Work to complete: When you reach the line that contains "The path towards", begin copying exactly and continue through the last line below. Do not copy pictures.

Raw data:
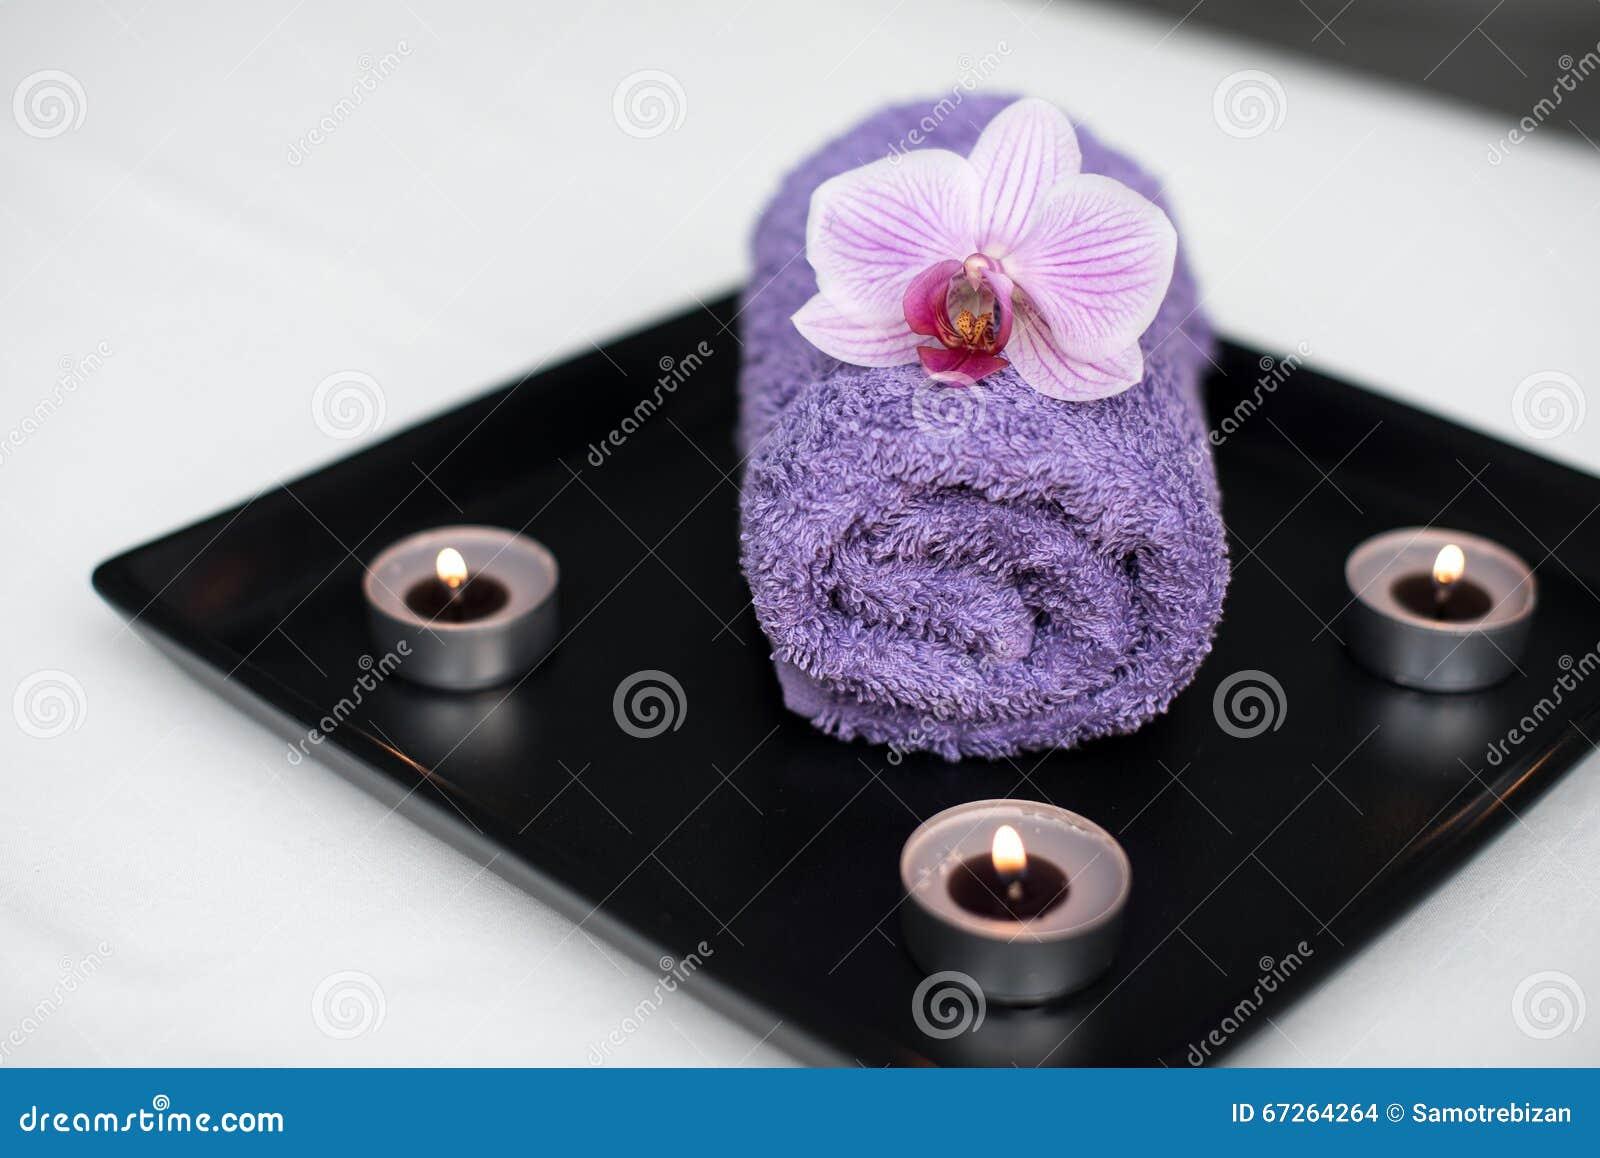 Beauty salon decoration in massage room candles towel - Photo decoration salon ...
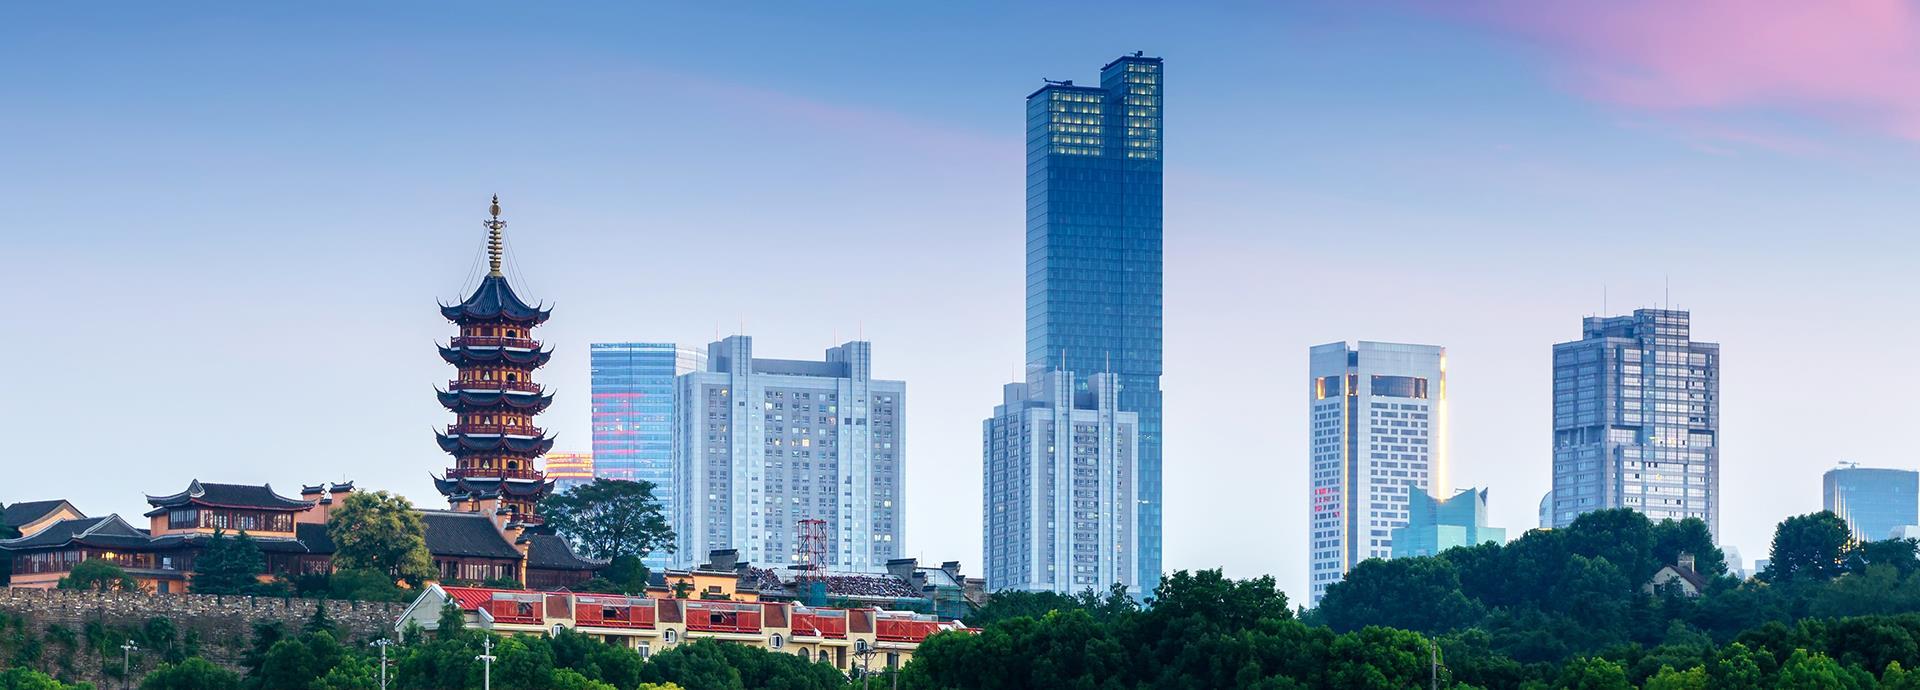 The path towards a future of high renewable energy in Jiangsu, China
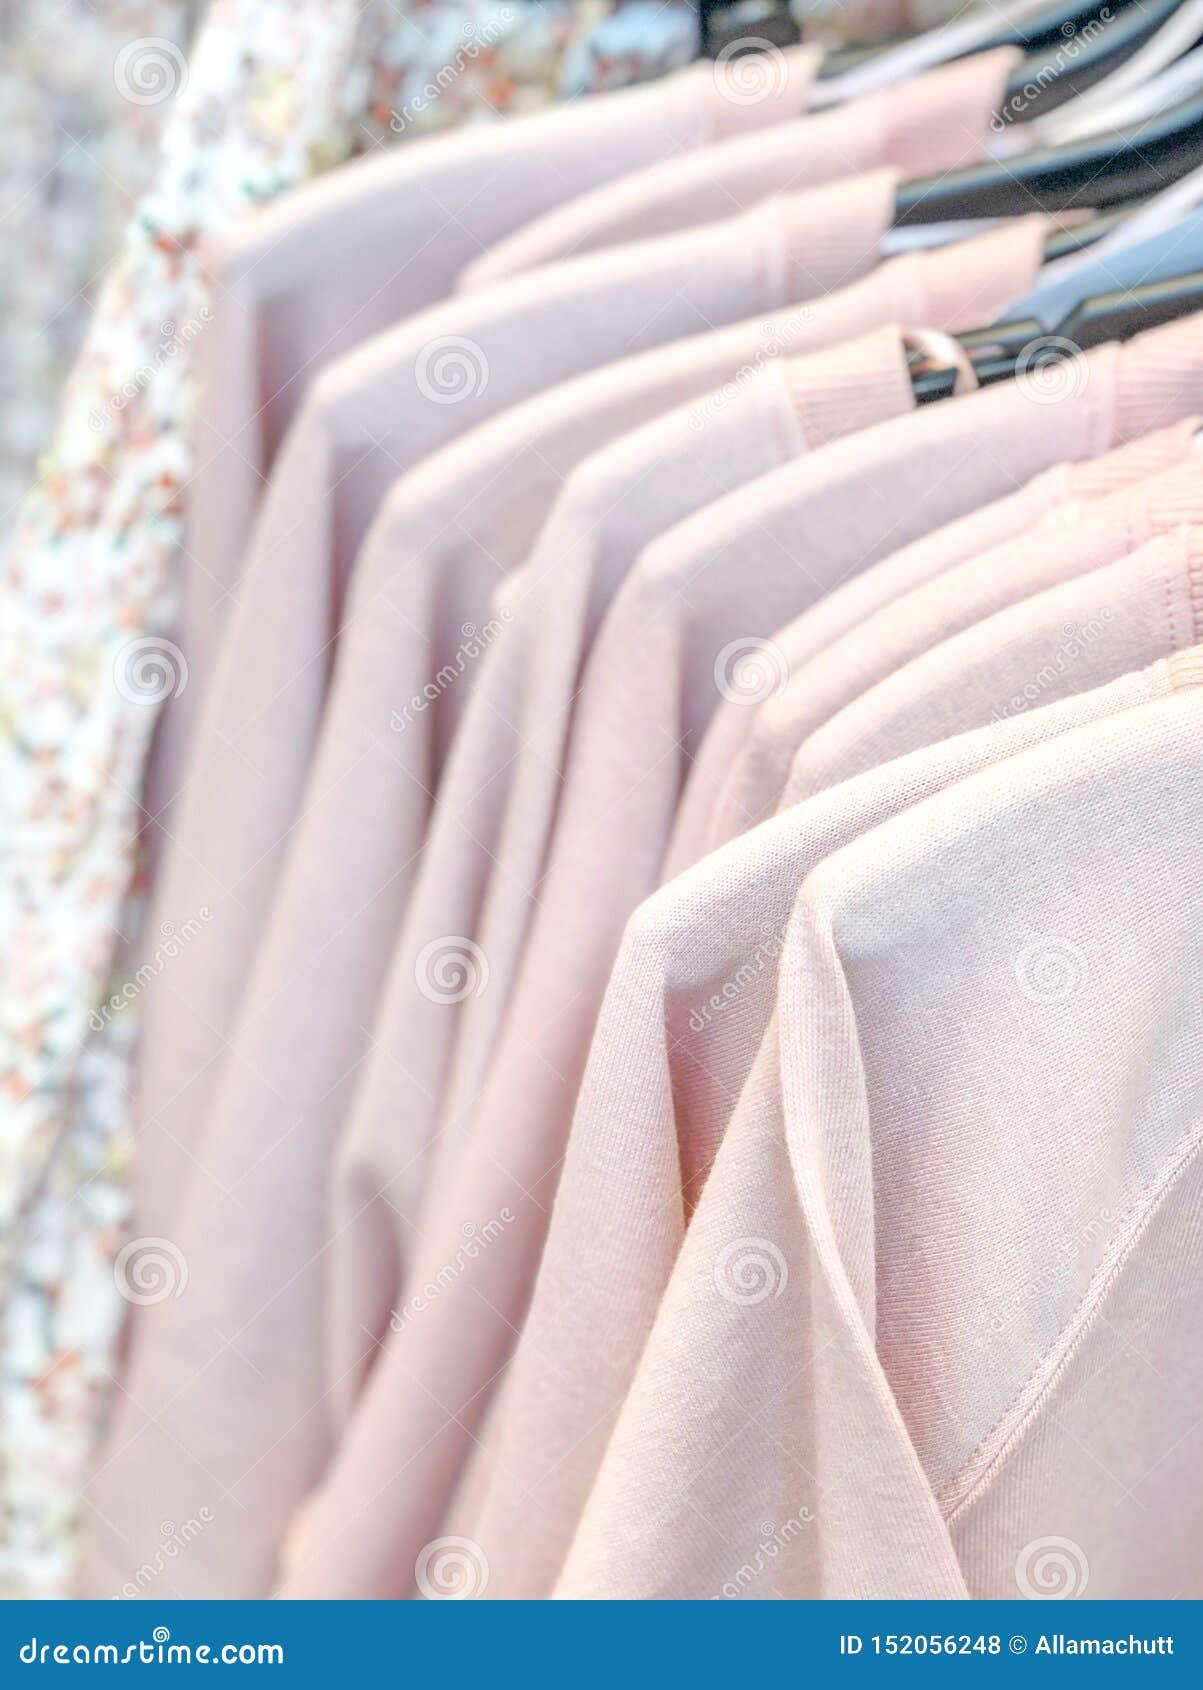 Rail of t-shirts

Your response:
 The path towards a future of high renewable energy in Jiangsu, China
 Rail of t-shirts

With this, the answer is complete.